Filed Under: Big Government

Trans Fat Crusaders Receive A Hefty Helping Of Dissent

In an unprecedented act of legislative hubris and consumer condescension, New York City’s Board of Health and Mental Hygiene banned trans fat from the city’s restaurants last Wednesday. Big-government types across the country have flocked to the nearest microphone in hopes of inspiring copycats (for examples, see here, here, here, here, and here). But fortunately, opinion leaders have fired back, burning up newspaper op-ed and editorial pages with equal parts common-sense and outrage. Here are some highlights:
The Wall Street Journal notes that while “many of these products [containing trans fat] aren’t particularly healthy … neither are many products people enjoy that contain sugar and caffeine, substances that New York hasn’t outlawed. At least not yet.

Reason‘s Nick Gillespie lambasts the ban in the Chicago Tribune for “reduc[ing] all of us to the status of children, incapable of making informed choices. Is it quaint to suggest that there’s something wrong with that in a country founded on the idea of the individual’s rights to life, liberty and the pursuit of happiness?

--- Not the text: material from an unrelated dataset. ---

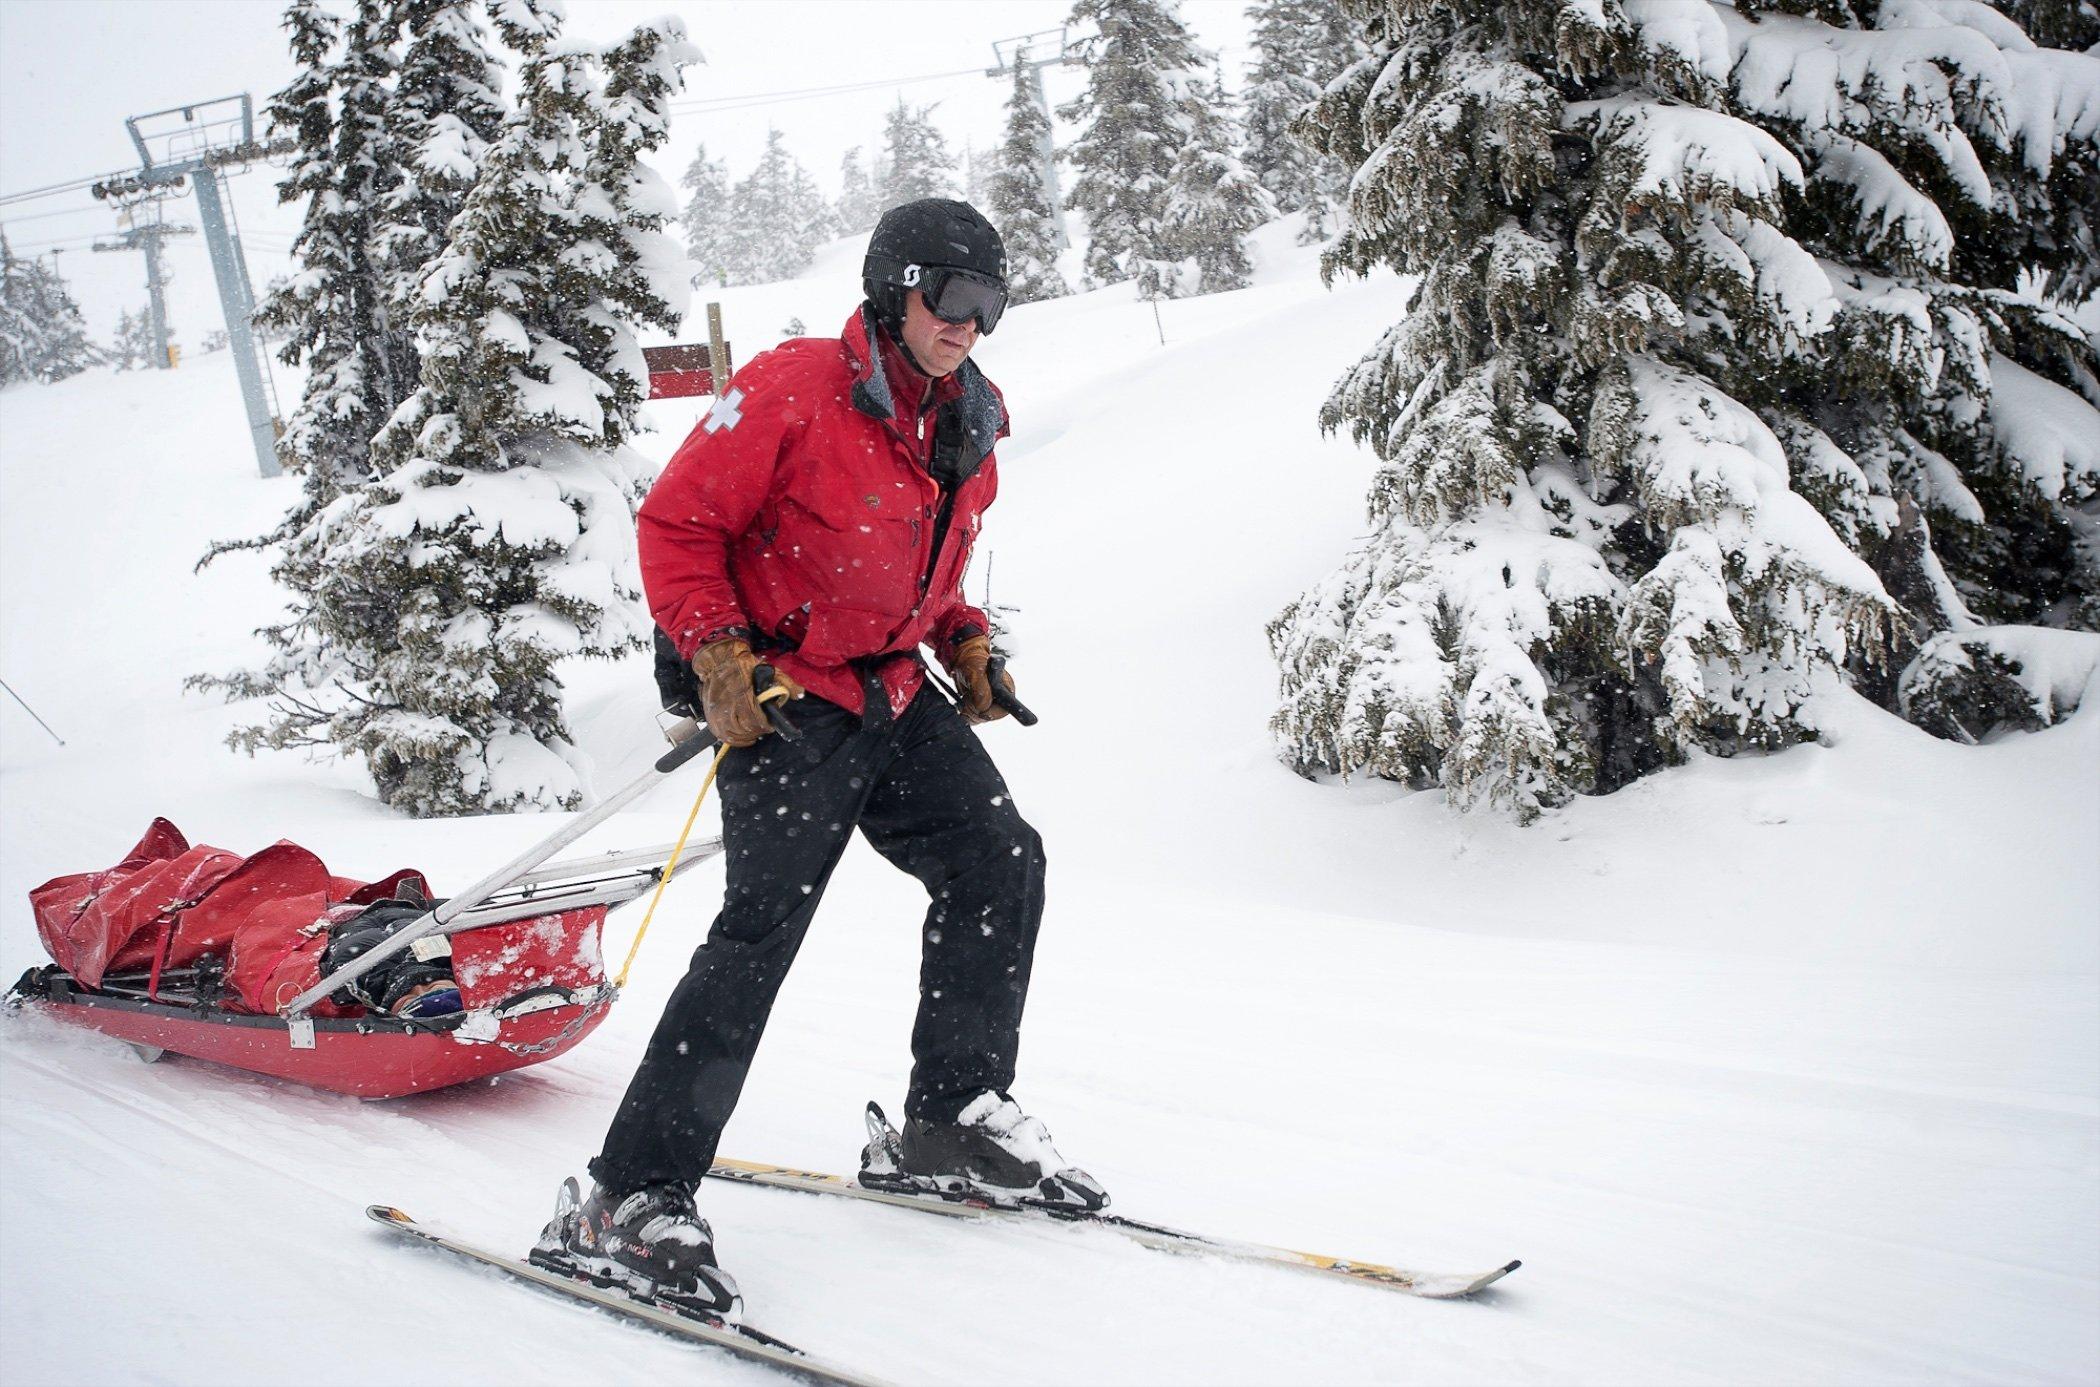 815607_ski_patrol05.jpg

The Wisconsin State Journal combats the inappropriate comparison between smoking and trans fat consumption with this terse — yet effective — one liner: “There’s no such thing as second-hand fatness.

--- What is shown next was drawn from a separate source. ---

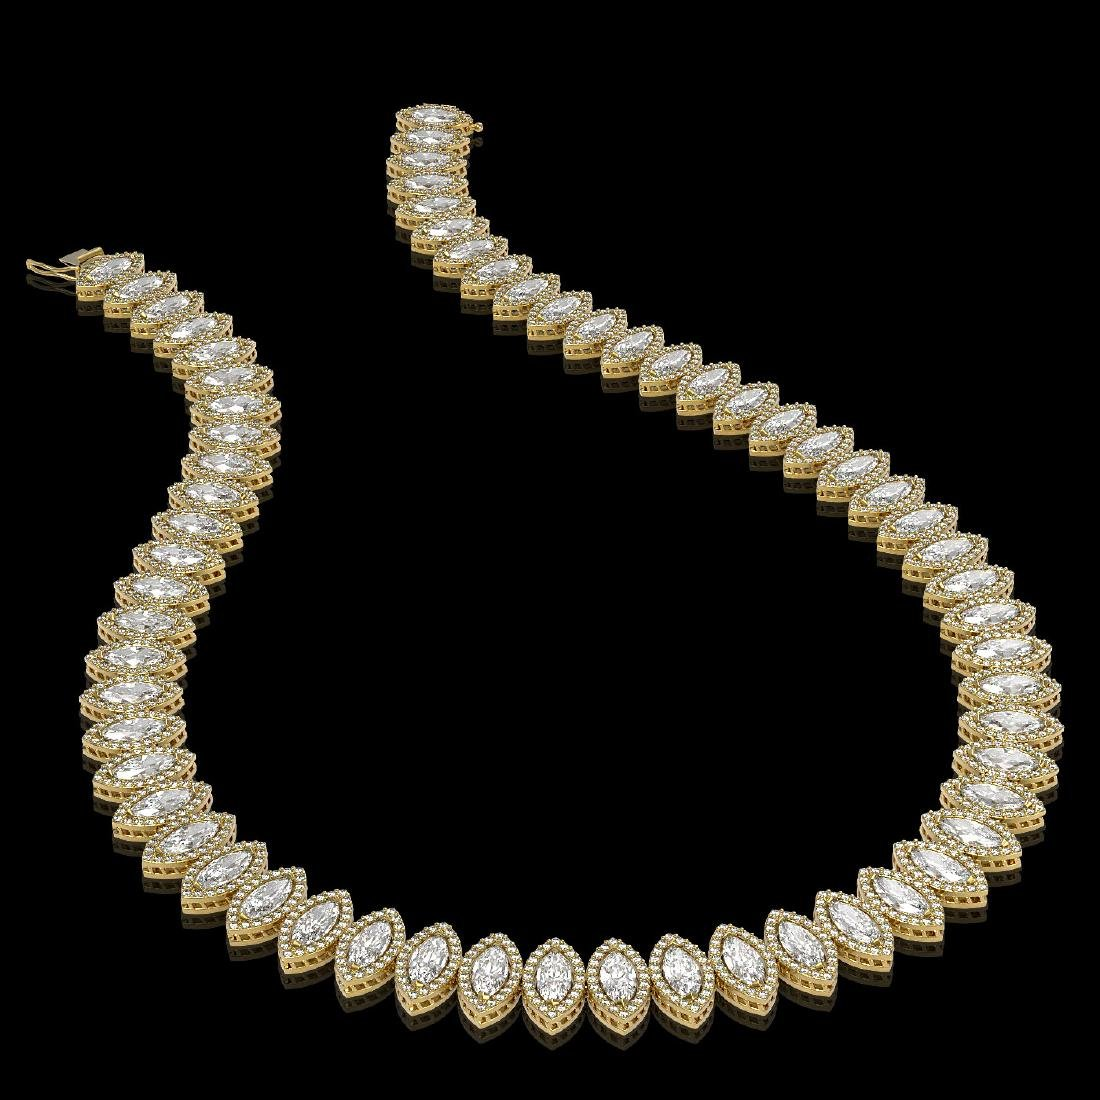 39.68 CTW Marquise Diamond Designer Necklace 18K Yellow - 2

The Fox News Channel‘s Steve Milloy notes that studies serving as the scientific justification for the ban come from a duo of researchers — Harvard’s Alberto Ascherio and Walter Willett — with a reputation for using statistically meager results to whip up food hysteria: “New Yorkers could … see restaurants banned from serving potatoes, peas, peanuts, beans, lentils, orange juice and grapefruit juice. Ascherio [and] Willett reported an increase in the risk of heart disease among consumers of these foods in the Annals of Internal Medicine (June 2001).

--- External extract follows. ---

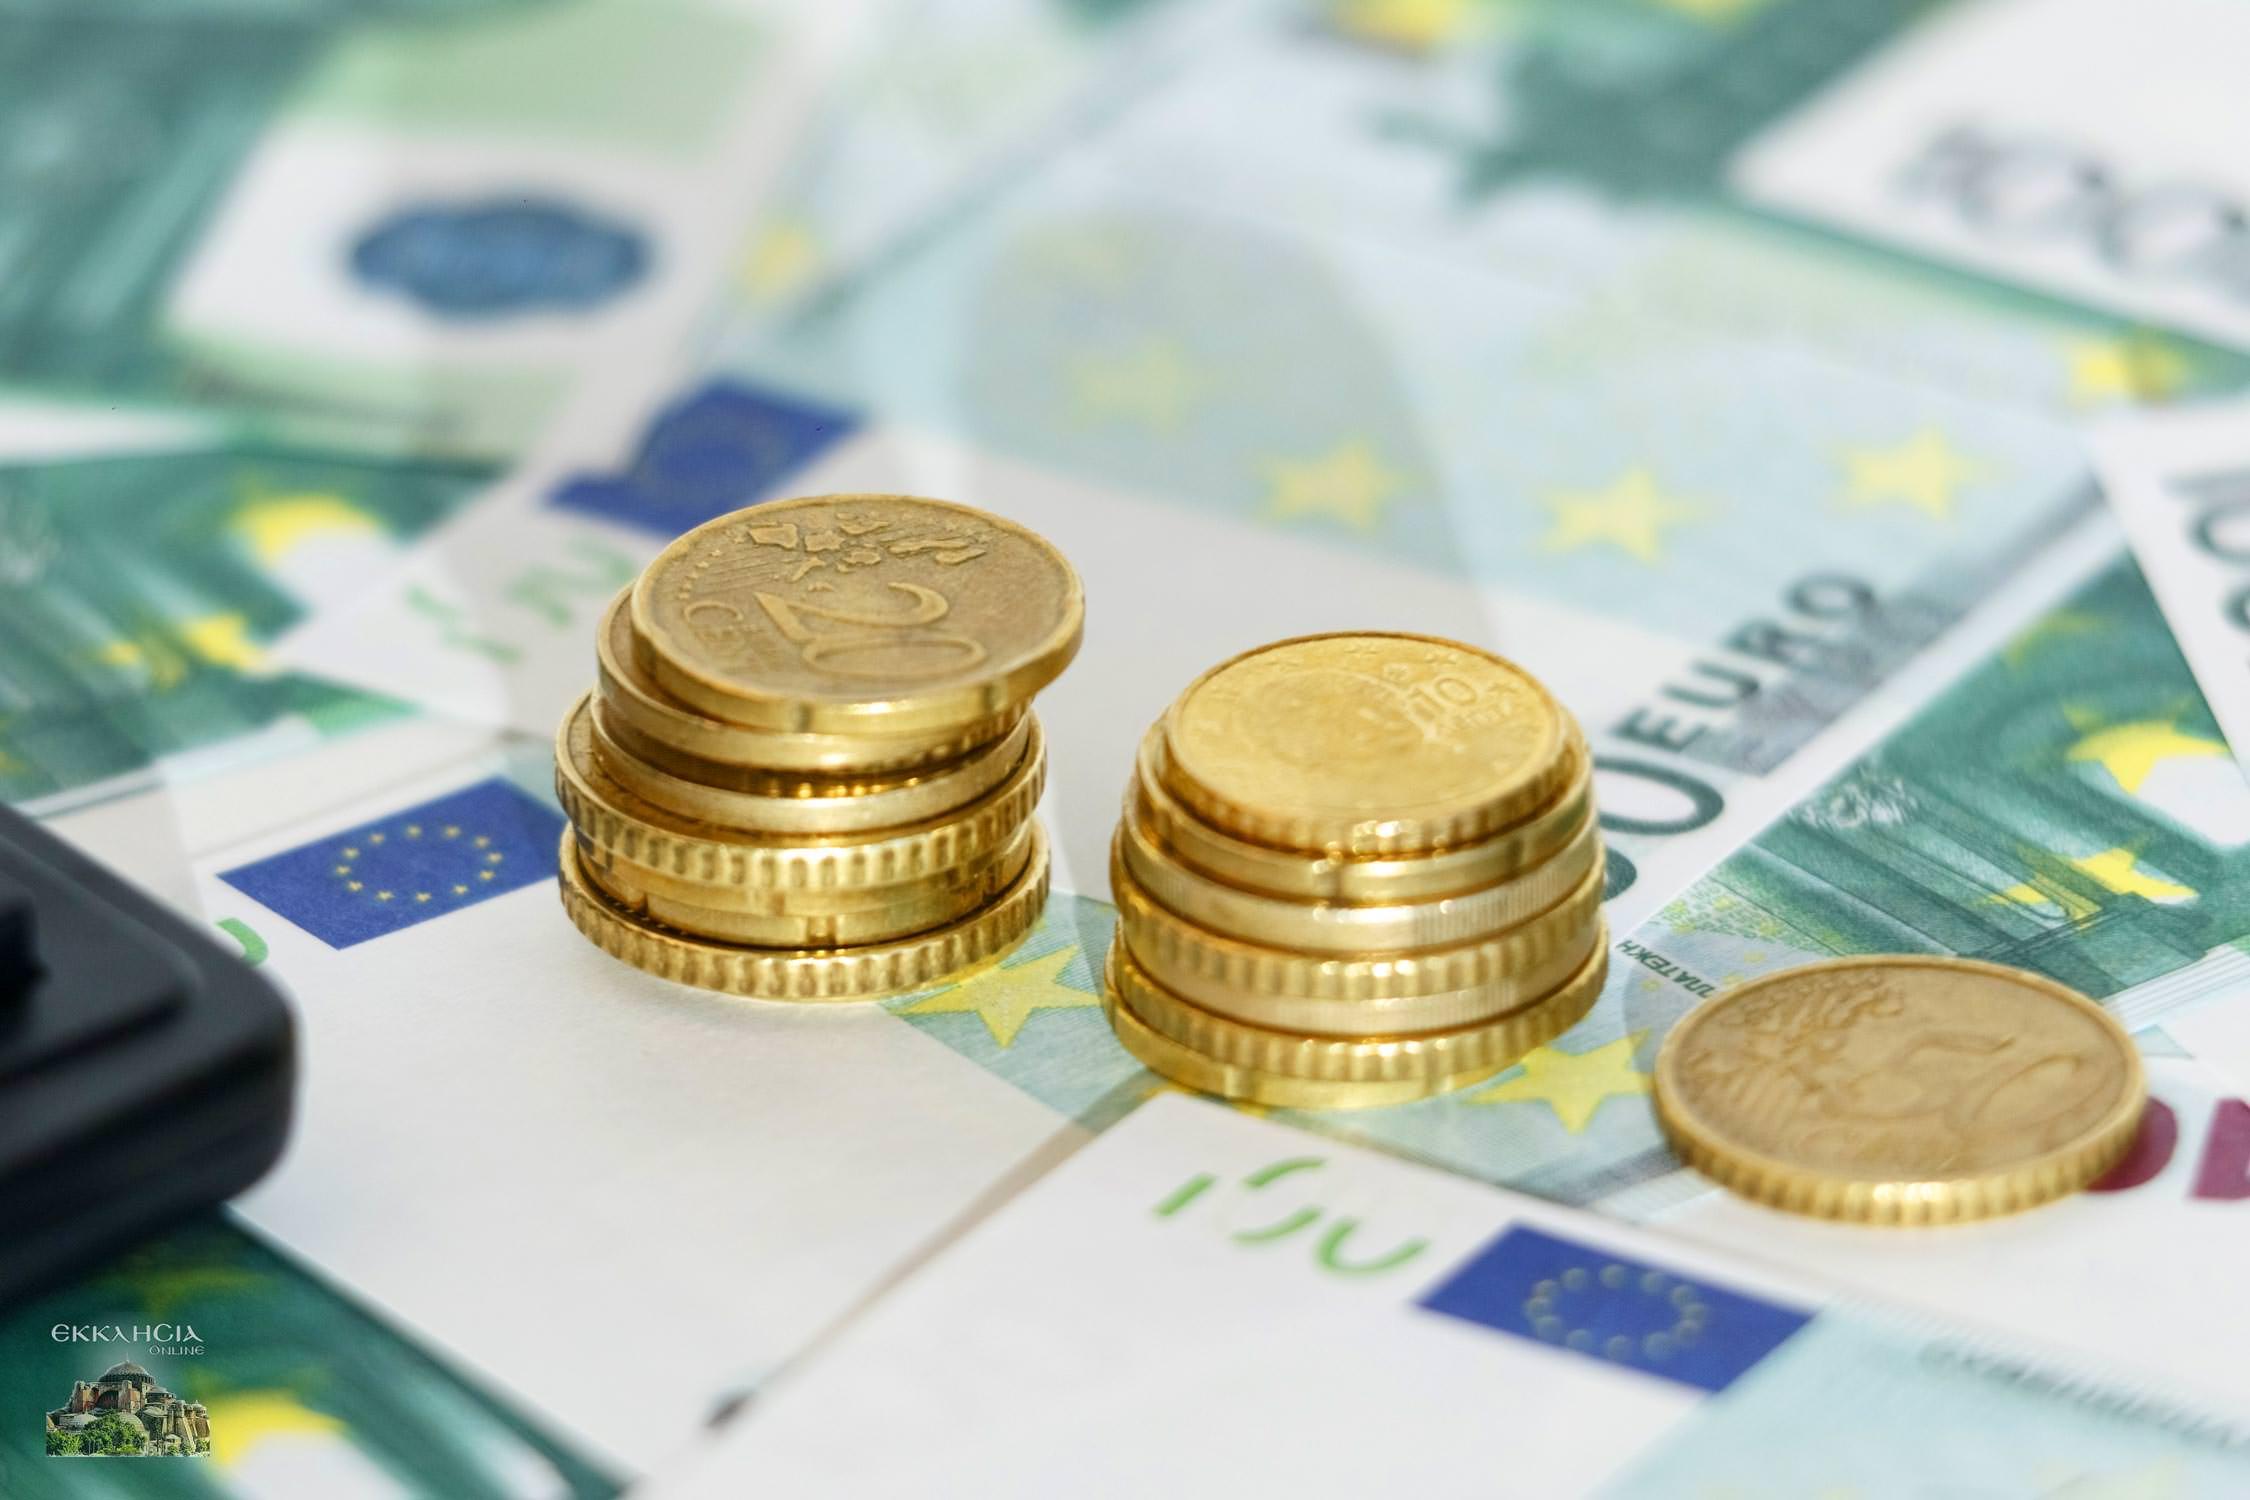 επιδόματα πληρωμές κοινωνικό μέρισμα 2020

The ultimate irony of NYC’s trans fat ban is that it probably won’t make New Yorkers much healthier. This month, a survey of 600 doctors found that less than half (47 percent) think the ban will have a “significant impact on the health of those who eat there.” More than half (53 percent) said they would oppose a federal trans fat prohibition, and 49 percent agreed that the “US government does not have the right to implement such a law.”